• [RAW DATA]:
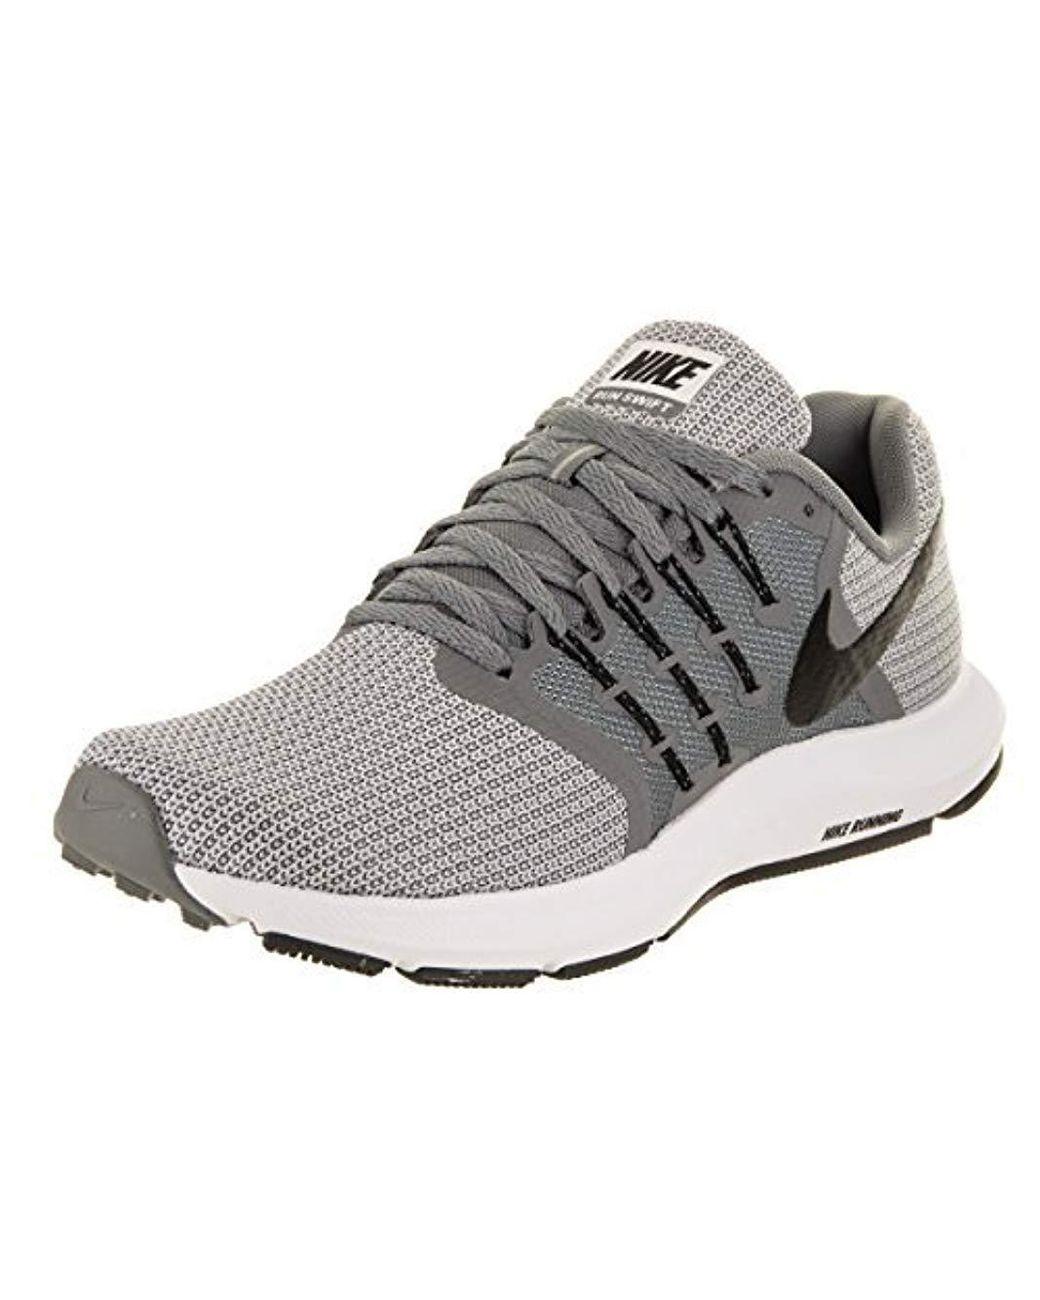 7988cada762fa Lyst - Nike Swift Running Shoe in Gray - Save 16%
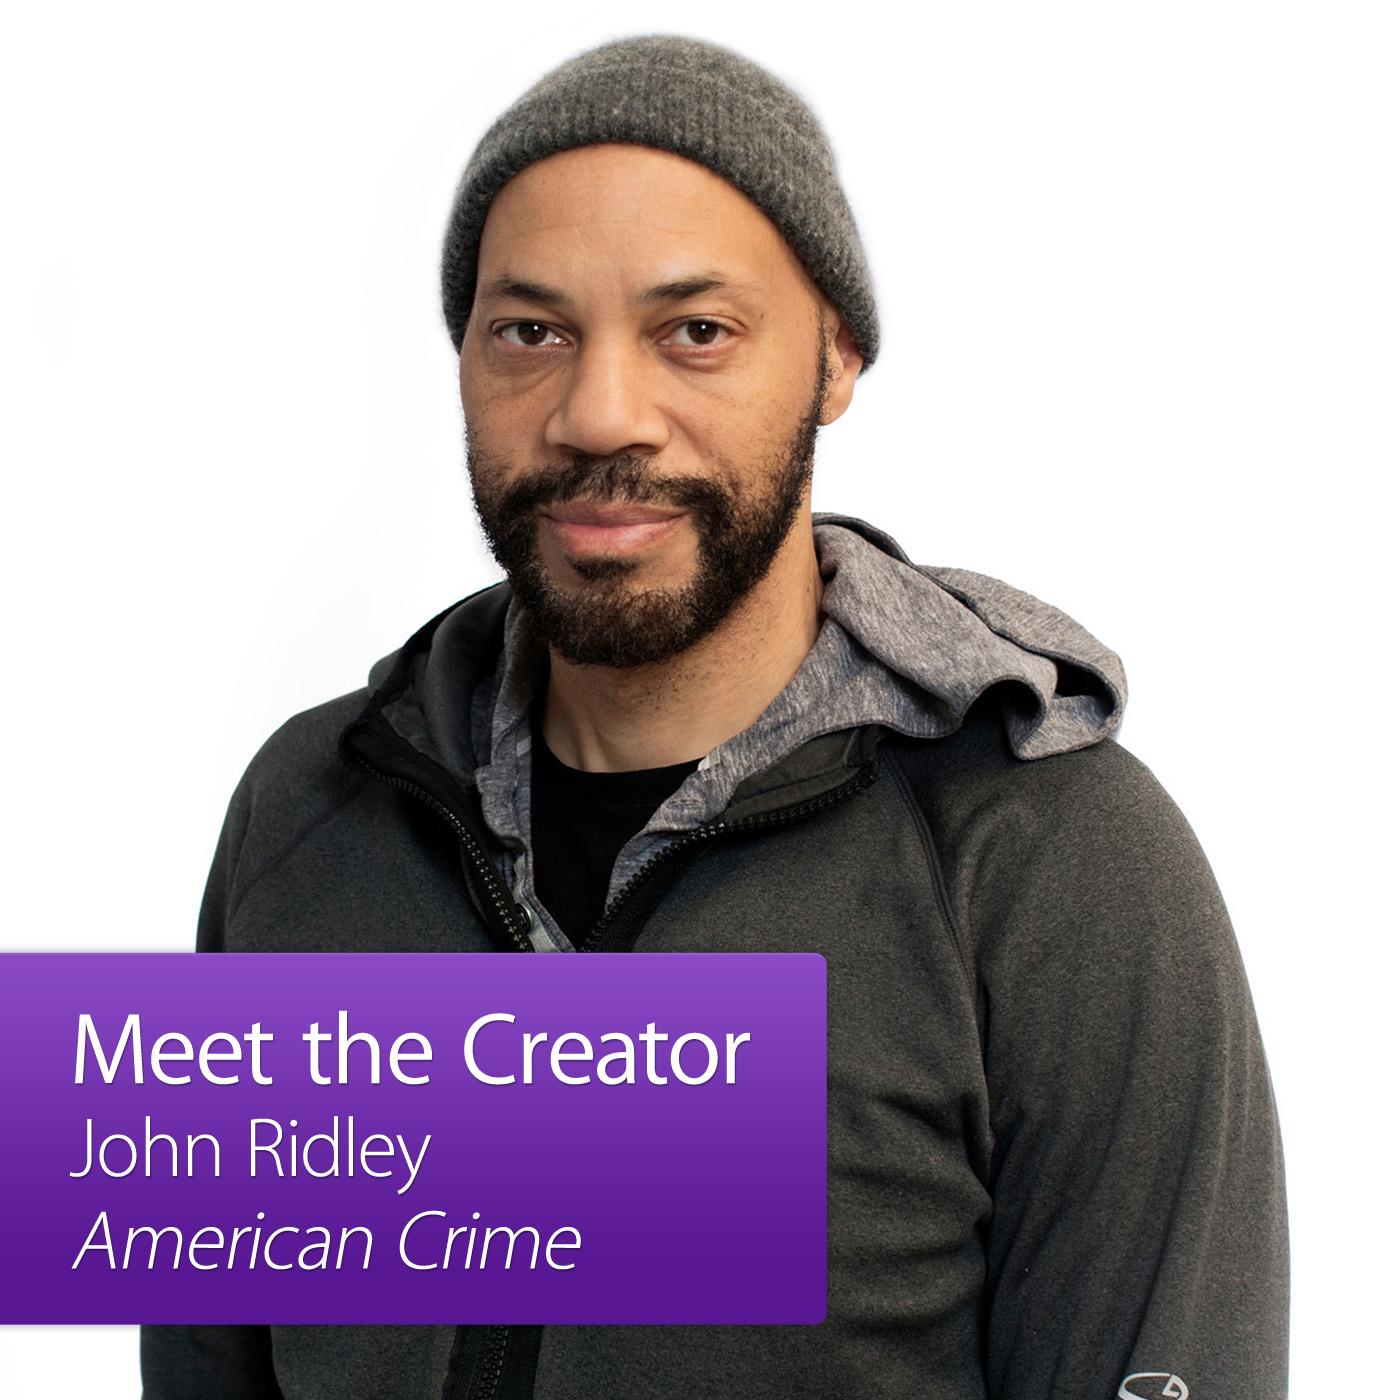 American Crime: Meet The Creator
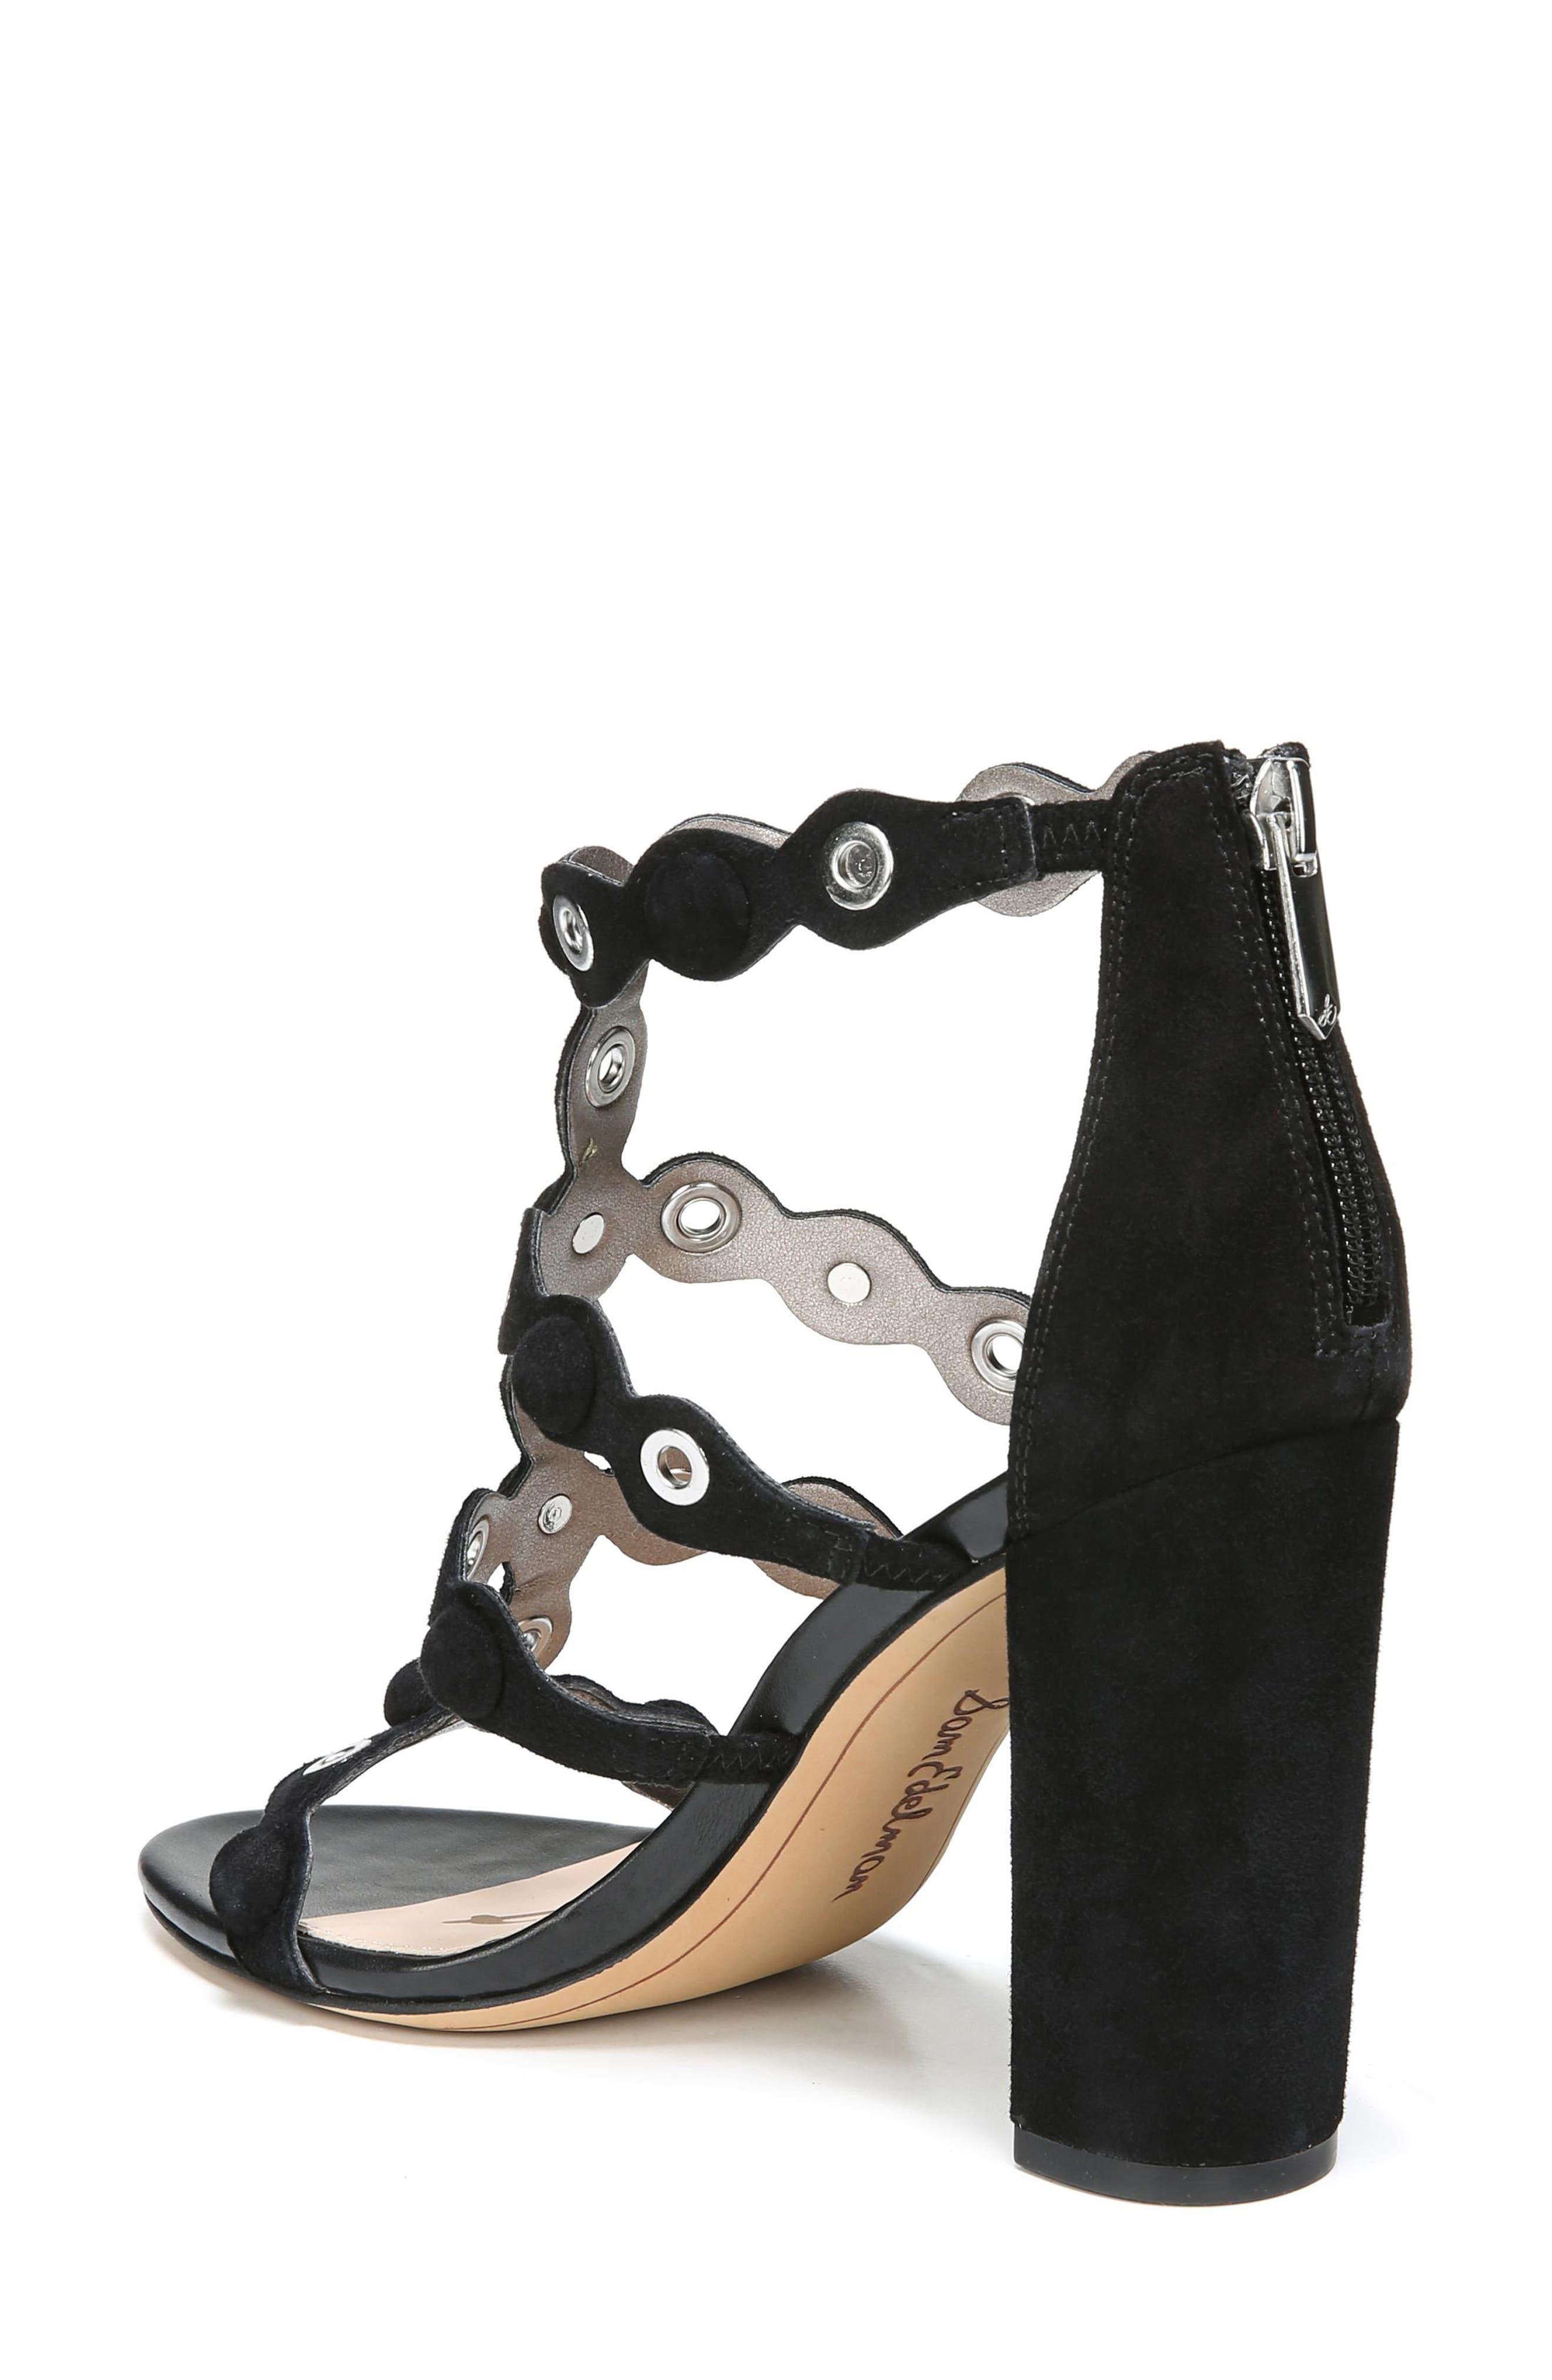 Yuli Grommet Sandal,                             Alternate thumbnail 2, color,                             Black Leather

• [YOUR INSTRUCTIONS]: Your answer must be an exact copy of the data above, minus its pictures.

• [REPLY TO THE TASK]:
 7988cada762fa Lyst - Nike Swift Running Shoe in Gray - Save 16%
 American Crime: Meet The Creator
 Yuli Grommet Sandal,                             Alternate thumbnail 2, color,                             Black Leather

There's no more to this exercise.